Vérification faite : il y avait des chirurgies qui se faisaient au privé, mais elles n’étaient pas remboursées par l’assurance maladie publique, et elles ne pouvaient être couvertes par des assurances privées. C’est ça qu’il a fait, M. Couillard : il a permis par son PL 33 que des chirurgies de la cataracte, du genou et de la hanche soient réalisées au privé en soustraitance du système public, ou couvertes par des assurances privées ! Il n’a pas règlementé des chirurgies, il les a dérèglementées ! Il a libéralisé des marchés publics en chirurgie légère.

Quelques mois plus tard, il faisait adopter deux décrets : l’un élargissait sa dérèglementation à une cinquantaine de chirurgies supplémentaires, l’autre réduisait de moitié le prix des permis pour les cliniques privées intéressées par ces actes médicaux.

Comme si ce n’était pas assez évident, le deuxième décret a été adopté le 25 juin, le jour même où Philippe Couillard annonçait qu’il démissionnait… pour quelques jours plus tard aller travailler chez Persistence Capital Partners (PCP). Il aura beau affirmer ne pas avoir été en conflit d’intérêts parce que PCP ne faisait pas affaire directement avec le gouvernement, que dire d’un ministre de la SSS qui ouvre la Santé au marché privé pour ensuite aller travailler dans une société qui affirme elle-même sur son site WEB être « le seul fonds privé d’investissement au Canada dédié à développer des opportunités d’investissement offrant un fort potentiel de croissance dans le secteur de la santé » ? L’ouverture au privé du marché des chirurgies d’un jour, ça n’a pas un « fort potentiel de croissance », ça ?... Sordide !

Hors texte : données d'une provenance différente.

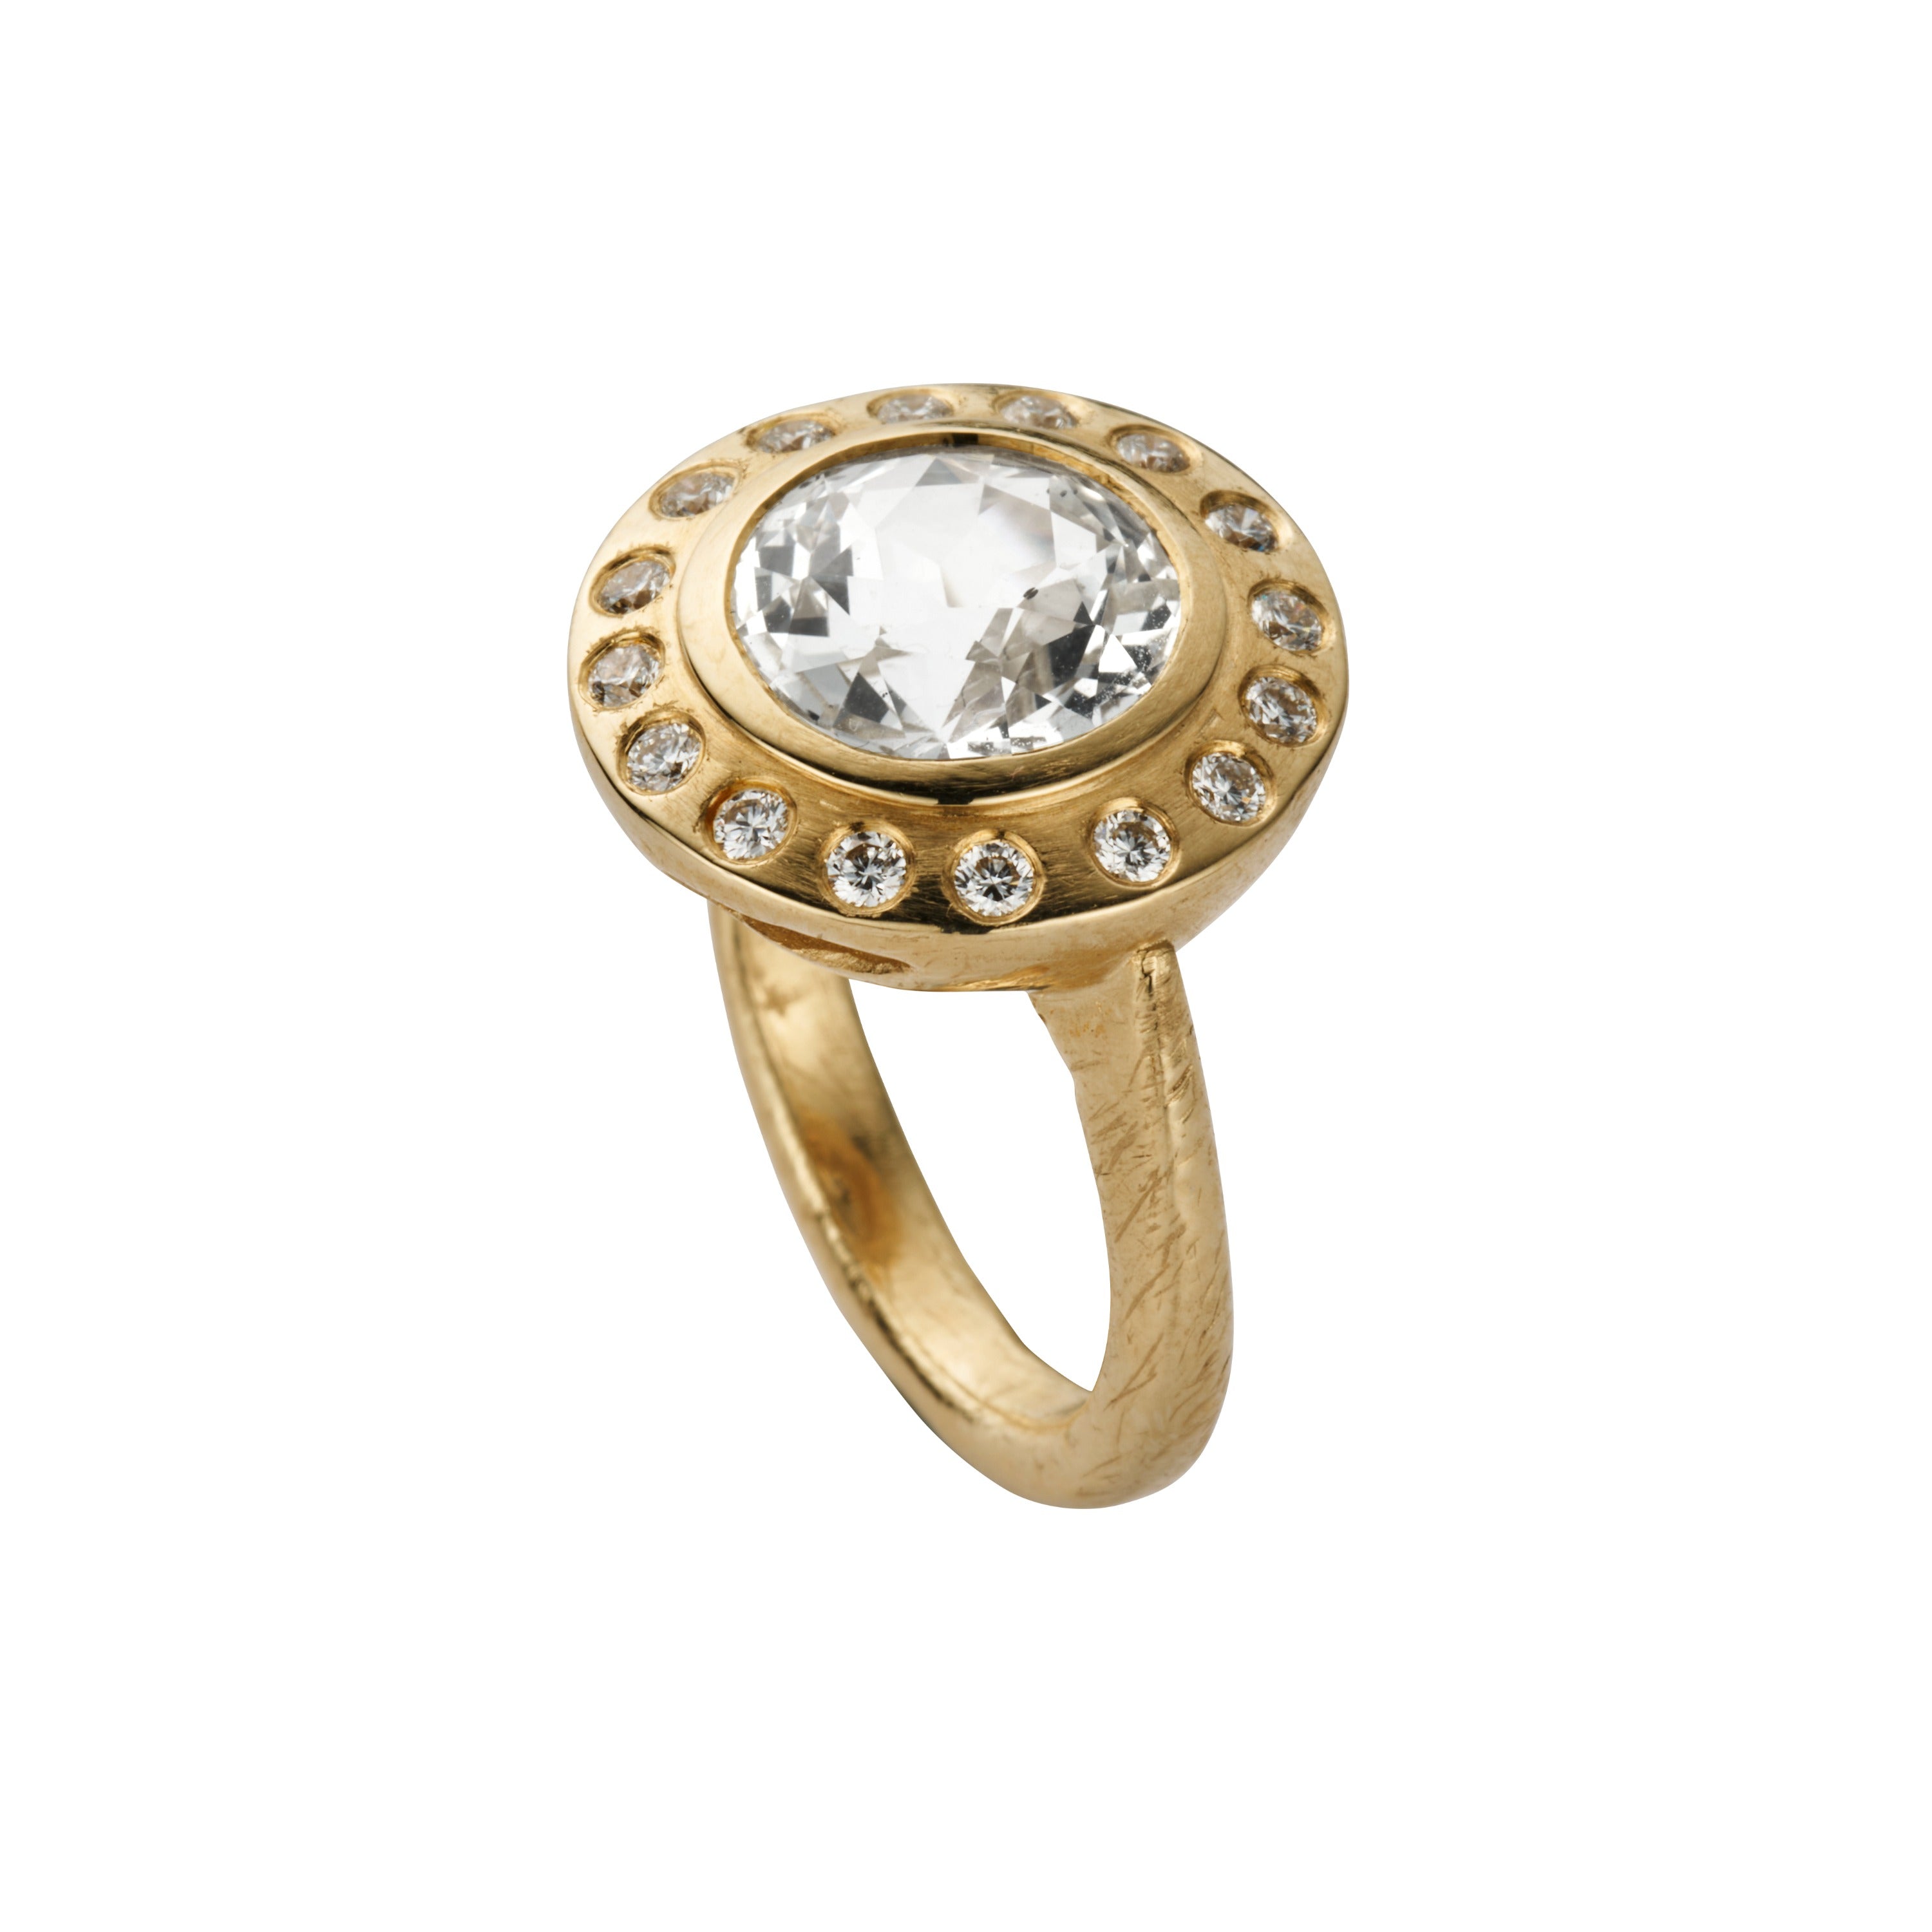 ADELINE Gold White Sapphire and Diamond Ring

Après six mois dans le monde des vraies affaires, M. Couillard se déclarait en faveur de plus privé en santé. Non seulement ne s’est-il jamais distancié de cette prise de position, mais sa déclaration récente sur les ressources publiques limitées pour répondre à des besoins infinis va dans le même sens : si vous ne trouvez pas réponse à vos besoins dans le public, le privé vous offre une alternative !

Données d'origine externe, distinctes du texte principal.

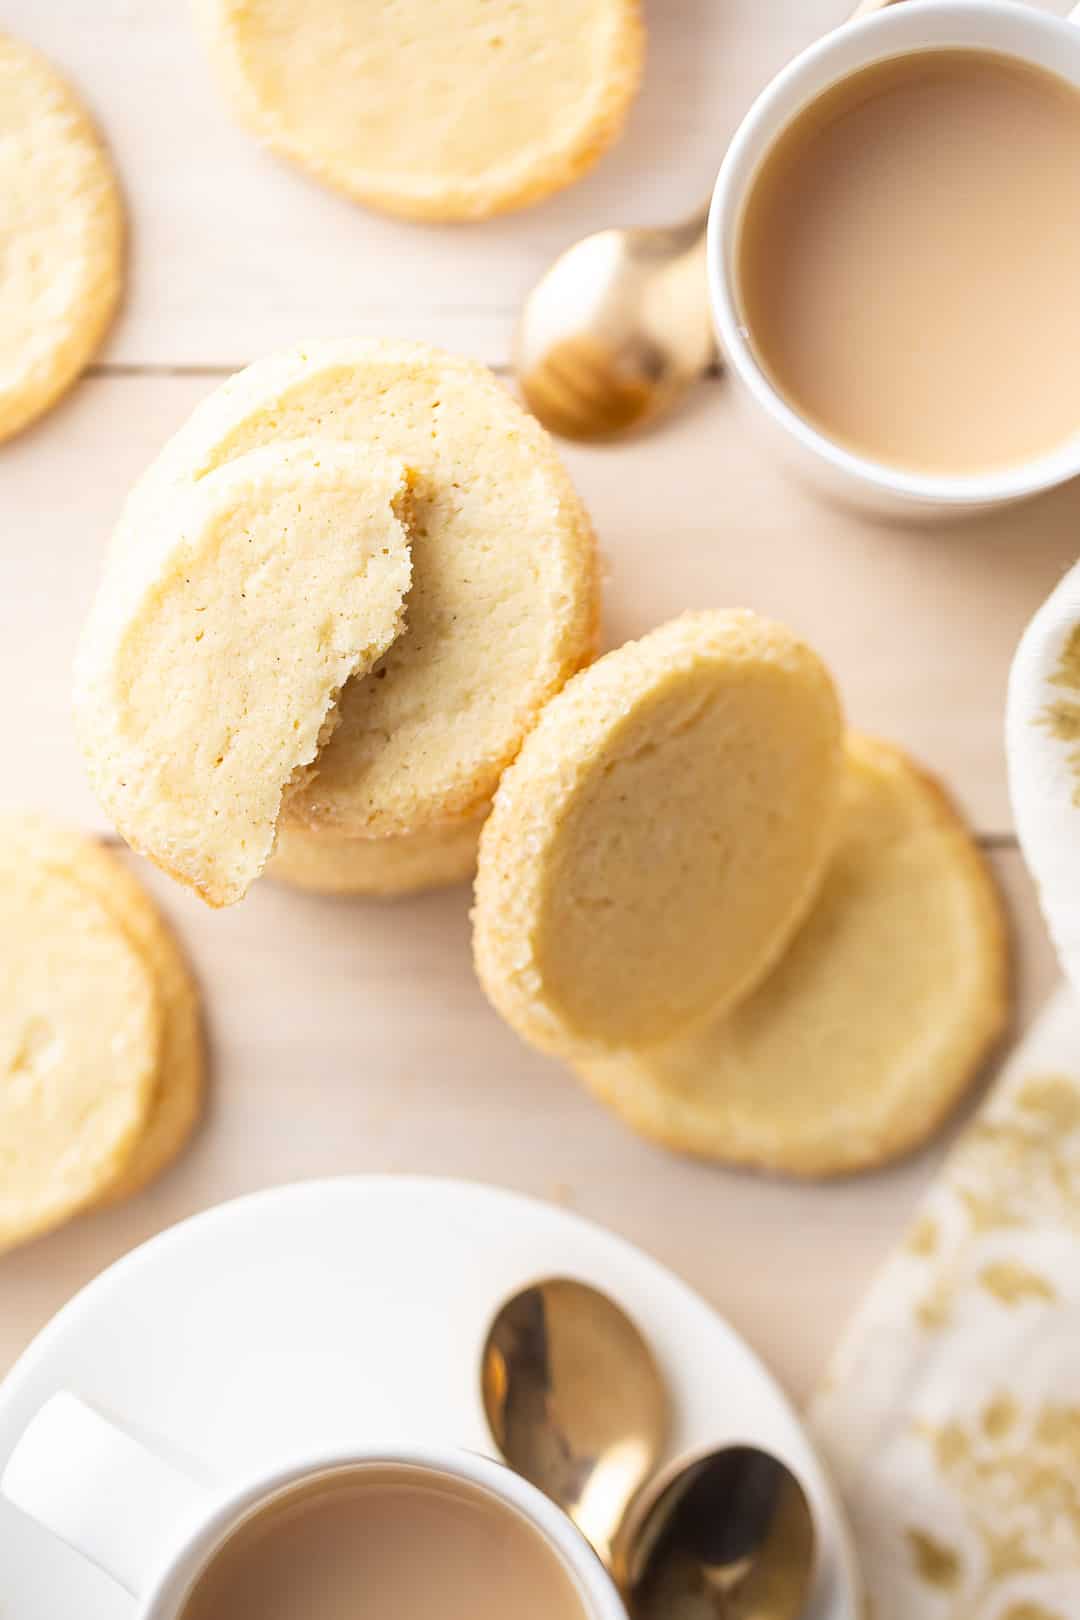 Butter cookies recipe, prepared and scattered over a blond wood tabletop, with cups of milky tea.

Des propos similaires avaient été tenus par Gil Rémillard le 3 novembre 2011 à la conférence « La santé, notre affaire à tous ». À remarquer : le mot affaire.
On retrouve les mêmes objectifs dans les événements tels les Sommets sur la Santé organisés par LesAffaires.com.

Ce gouvernement sait très bien ce qu’il fait et où il s’en va.

Dans quelques jours, le budget Leitao nous présentera des baisses d’impôts comme le résultat d’une saine gestion des finances publiques, alors qu’elles découleront plutôt d’une augmentation insuffisante des budgets nécessaires au maintien du niveau de services. Une augmentation insuffisante, c’est une diminution. Et la baisse d’impôts annoncée, en réduisant les revenus futurs du gouvernement, viendra maintenir et aggraver cette situation qu’on subit depuis trois ans.

Le premier octobre, nous aurons à choisir notre gouvernement. Ne faisons pas l’erreur d’en élire un qui poursuivra dans la même direction. Plus de privé, même « payé avec la carte d’assurance maladie » comme le dit la CAQ, ce n’est pas dans notre intérêt !

Répétons-le, encore et encore : la santé n’est pas une occasion d’affaires !
La santé, c’est un droit, et au Québec, on a déjà fait ce choix.

Jacques Benoit.

Jacques Benoit

Coordonnateur de la Coalition solidarité santé.